A third effect of the present invention is that the replacement gate wall can be formed in a shape perpendicular to the substrate. The reason is that the shape of the replacement gate wall is determined by the shape of the wall of the interlayer insulating film made of a material that can be processed with high accuracy.

[Brief description of the drawings]

FIG. 1 is a diagram illustrating a method for manufacturing a semiconductor device according to the present invention.
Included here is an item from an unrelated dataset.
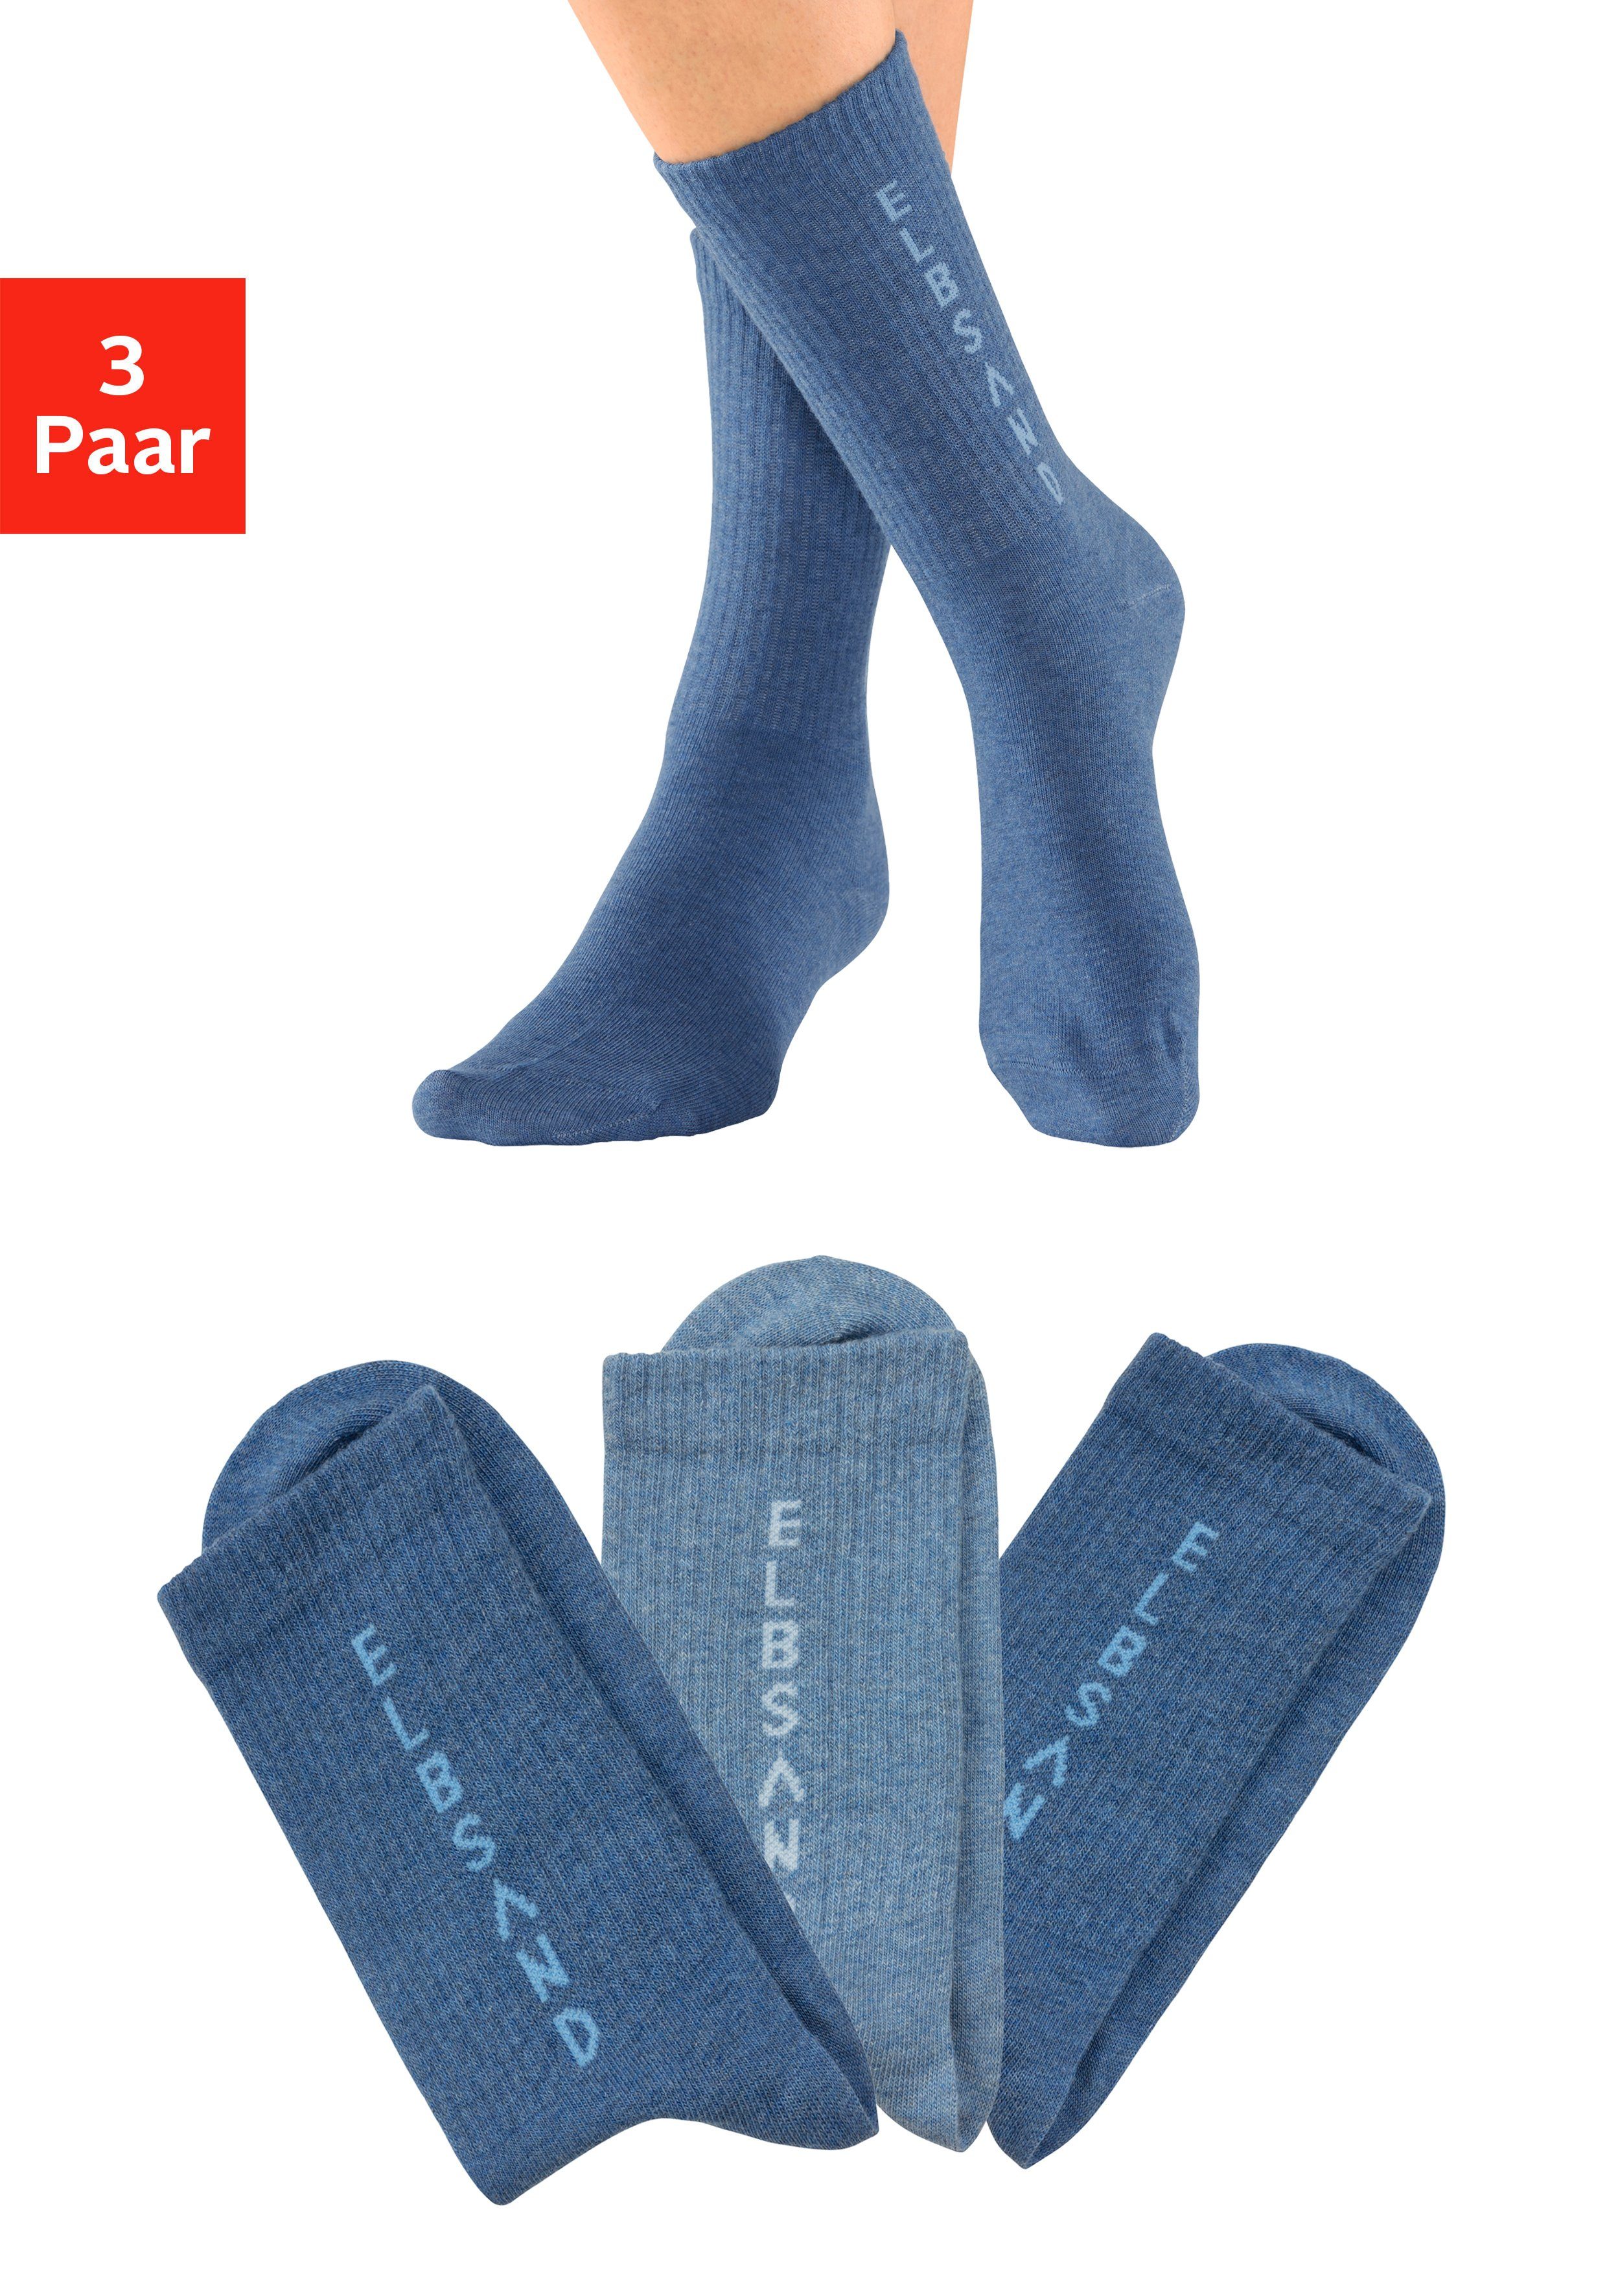 Elbsand Socken (3-Paar) mit eingestricktem Schriftzug 2x dunkel jeans meliert, 1x hell jeans meliert | Lange Socken
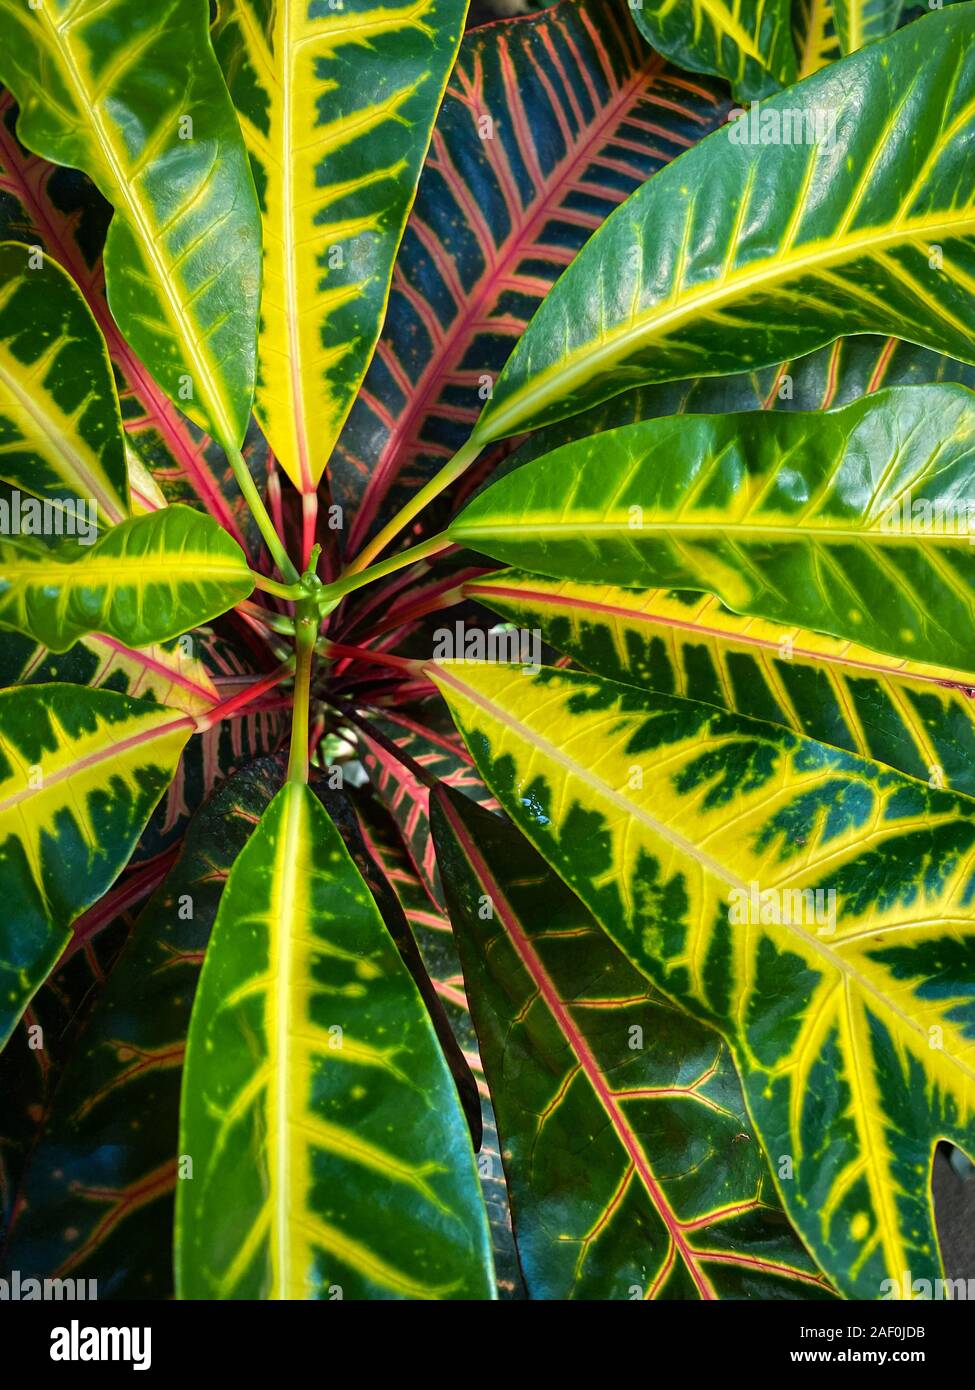 Verde di piante tropicali in giardino giungla close up di foglie Foto Stock

FIG. 2 is a diagram illustrating a conventional method for manufacturing a semiconductor device.

[Explanation of symbols]

 1, 21 substrate 2, 7, 11, 26, 30 interlayer insulating film 3 silicon nitride film 4, 23 replacement gate wall 5, 24 source diffusion layer 6, 25 drain diffusion layer 8, 27 gate insulating film 9, 28 gate electrode 10 , 29 Mask 12, 31 Wiring layer 22 Replacement gate insulating film

Claims (6)

[Claims] 1. A method for manufacturing a field effect transistor for manufacturing a gate region, a source diffusion layer, and a drain diffusion layer on a substrate by using a replacement gate process, comprising: forming a first interlayer insulating film on the substrate; Forming, removing the first interlayer insulating film from the substrate, and exposing a part of the substrate; adhering a silicon nitride film covering the first interlayer insulating film;
Forming a replacement gate wall in the gate region by etching the silicon nitride film and leaving the silicon nitride film on a side surface of the first interlayer insulating film; and removing the first interlayer insulating film. A method for manufacturing a field-effect transistor. 2. A replacement gate wall is formed in said gate region by depositing a silicon nitride film covering said first interlayer insulating film and etching said silicon nitride film to remain on the side surface of said first interlayer insulating film. Forming the silicon nitride film by CVD to cover the exposed substrate and the first interlayer insulating film; and forming an upper surface of the exposed substrate and an upper surface of the first interlayer insulating film. Forming the replacement gate wall by removing the silicon nitride film formed in step (i) and leaving the silicon nitride film formed on the side surface of the first interlayer insulating film. The method for manufacturing a field-effect transistor according to claim 1. 3. The method according to claim 2, further comprising the steps of: implanting ions using the replacement gate wall as a mask; and diffusing the implanted ions by annealing to form the source diffusion layer and the drain diffusion layer. The method for manufacturing a field-effect transistor according to claim 1. 4. A step of forming a second interlayer insulating film covering the replacement gate wall, the source diffusion layer, and the drain diffusion layer, and placing the second interlayer insulating film on the replacement gate wall. 4. The method for manufacturing a field-effect transistor according to claim 1, further comprising a step of polishing until GaN is exposed. 5. The method according to claim 1, wherein said second interlayer insulating film is made of SiO ₂ , P
5. The method for manufacturing a field-effect transistor according to claim 4, wherein SG or BPSG is used. 6. The method for manufacturing a field effect transistor according to claim 1, wherein said silicon nitride film is removed by said etching using CHF ₃ gas.